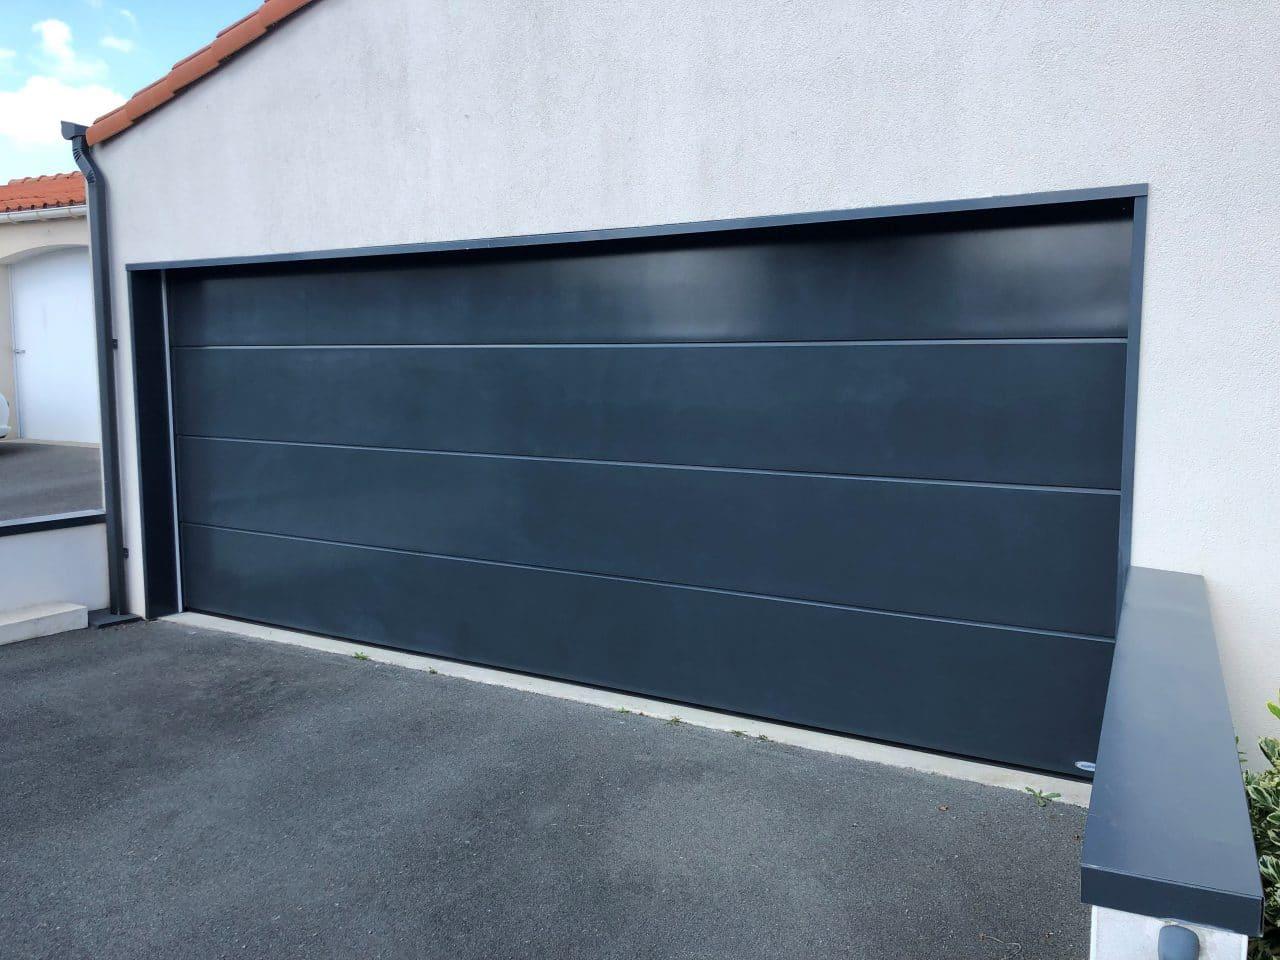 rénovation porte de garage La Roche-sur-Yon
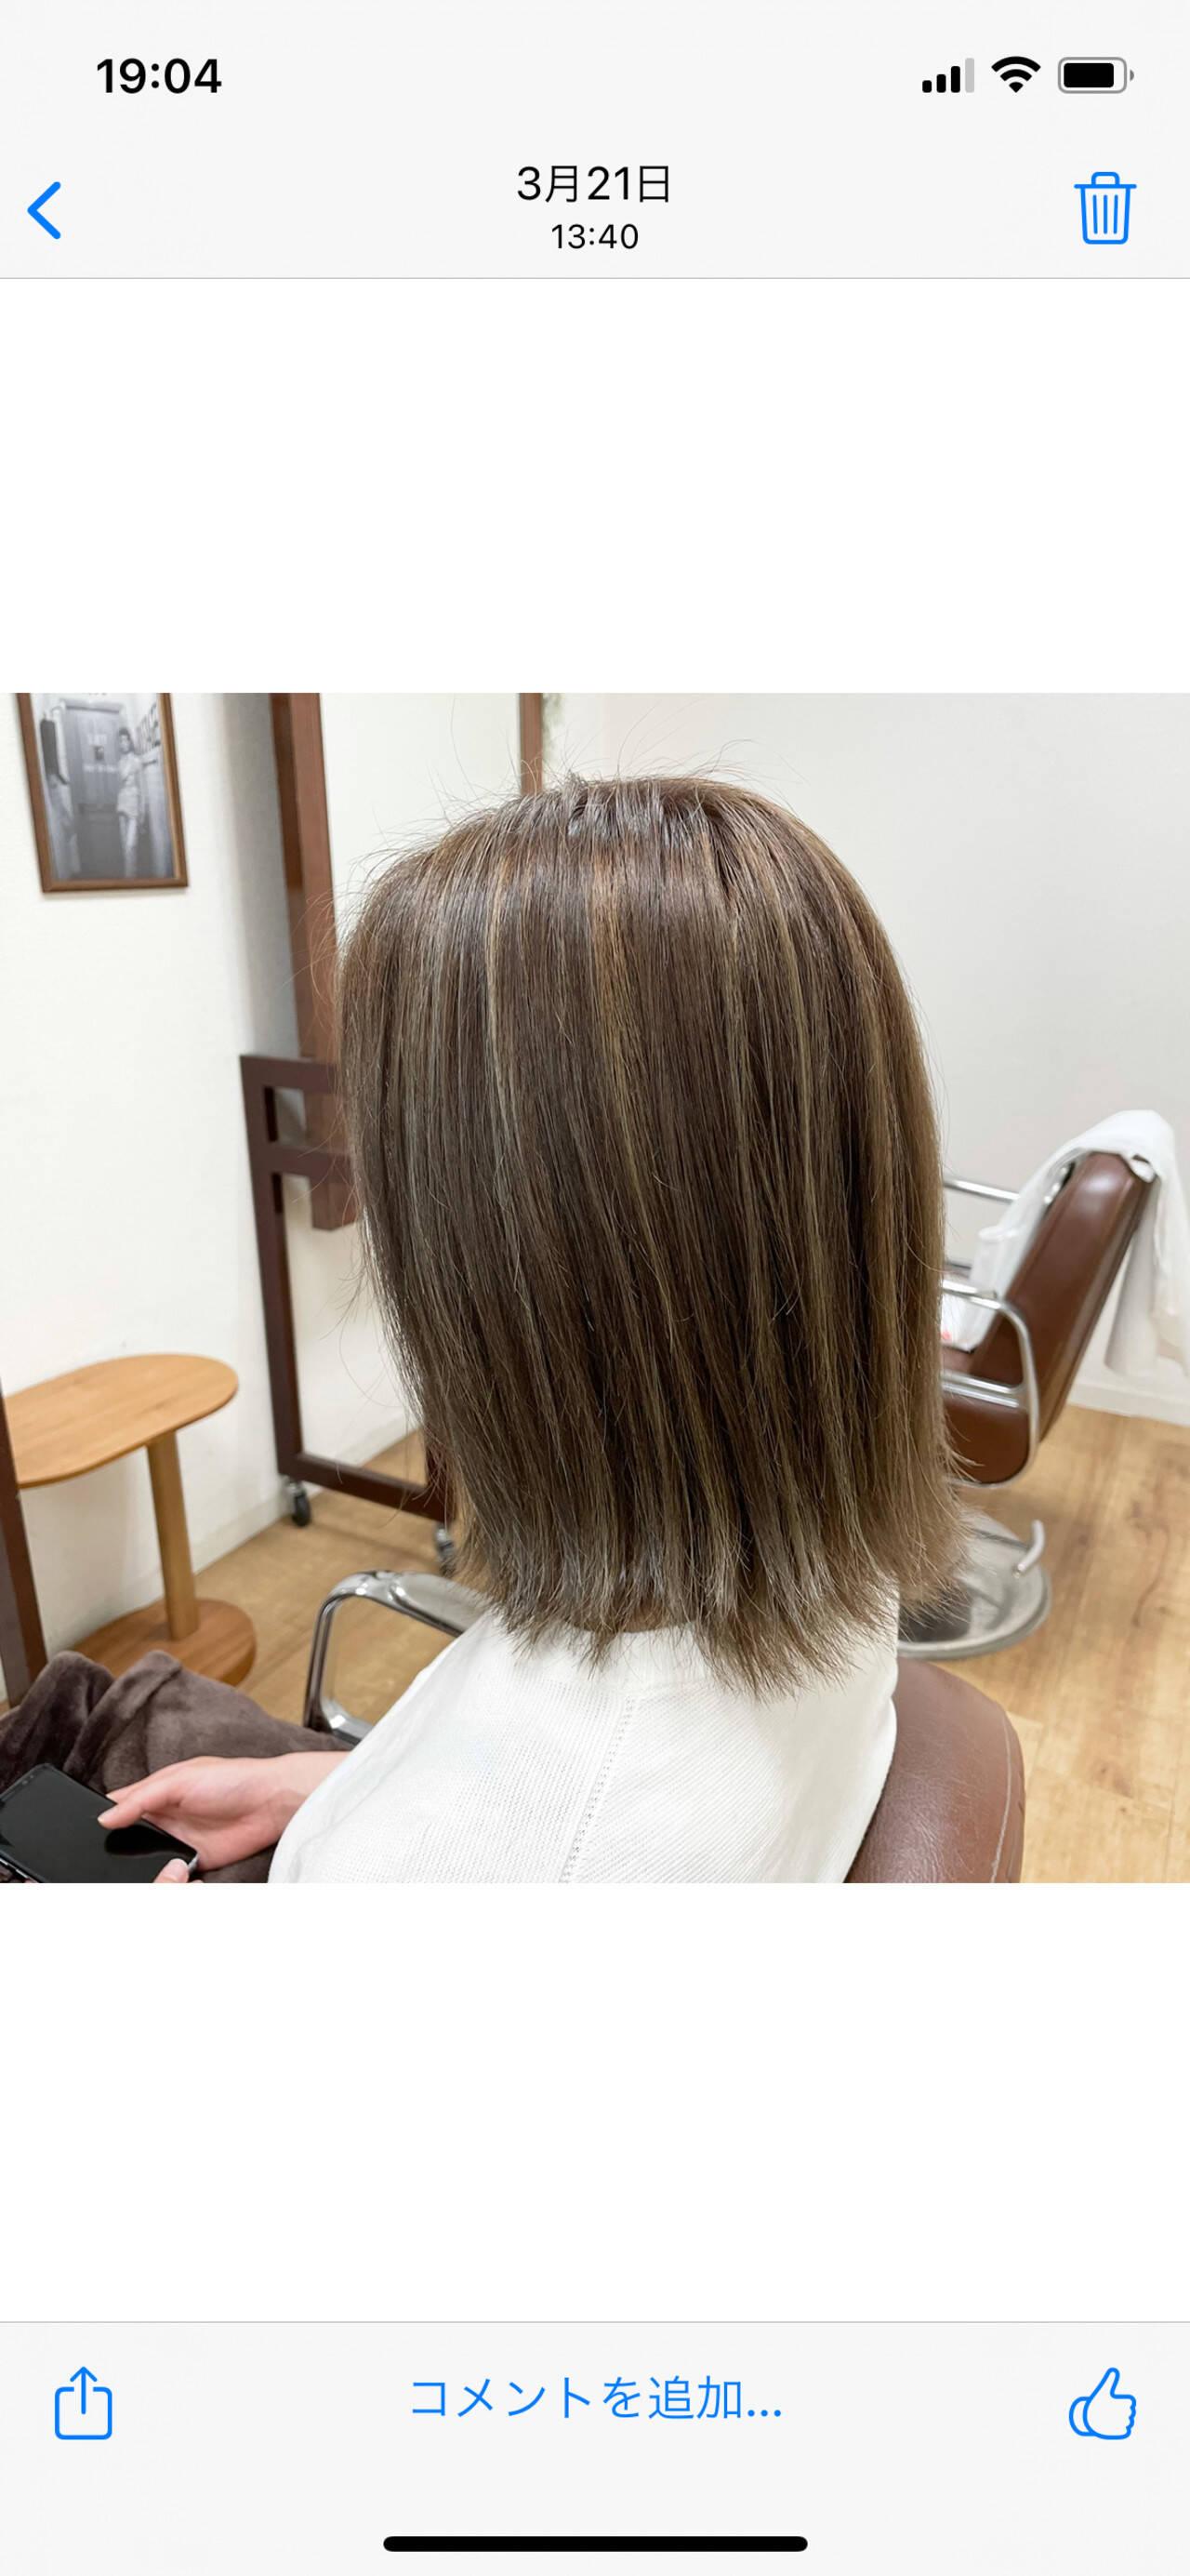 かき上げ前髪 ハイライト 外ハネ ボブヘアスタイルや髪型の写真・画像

...

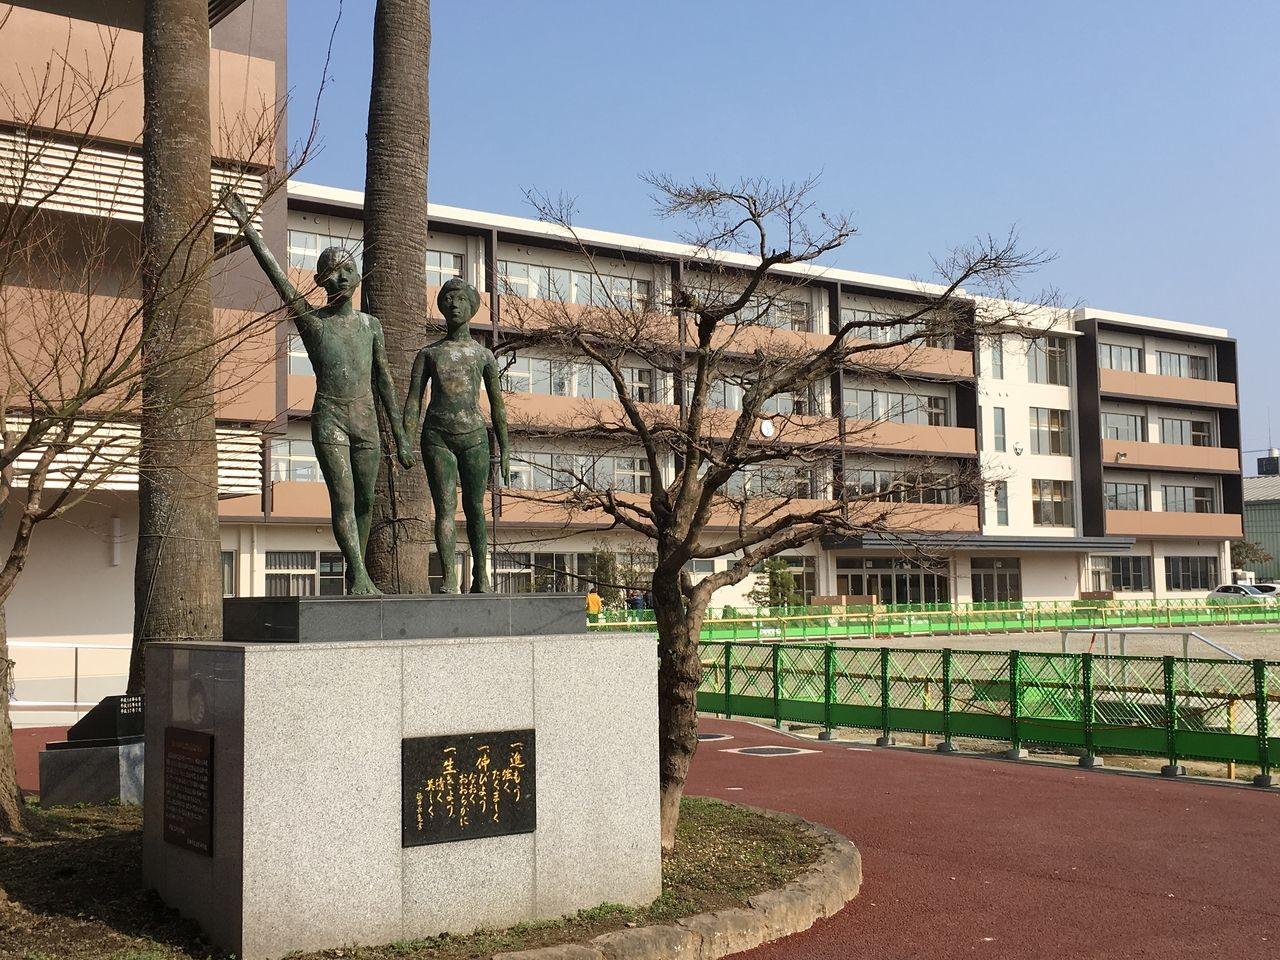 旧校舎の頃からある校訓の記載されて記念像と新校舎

--

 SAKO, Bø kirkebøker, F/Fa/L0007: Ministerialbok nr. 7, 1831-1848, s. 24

▶ [What needs to be done]
With the pictures omitted, restate word for word the lines above from the line that has "rénovation porte de garage La Roche-sur-Yon" up to and including the line that has "かき上げ前髪 ハイライト 外ハネ ボブヘアスタイルや髪型の写真・画像", and no other lines.

▶ [Reply]
 rénovation porte de garage La Roche-sur-Yon
 かき上げ前髪 ハイライト 外ハネ ボブヘアスタイルや髪型の写真・画像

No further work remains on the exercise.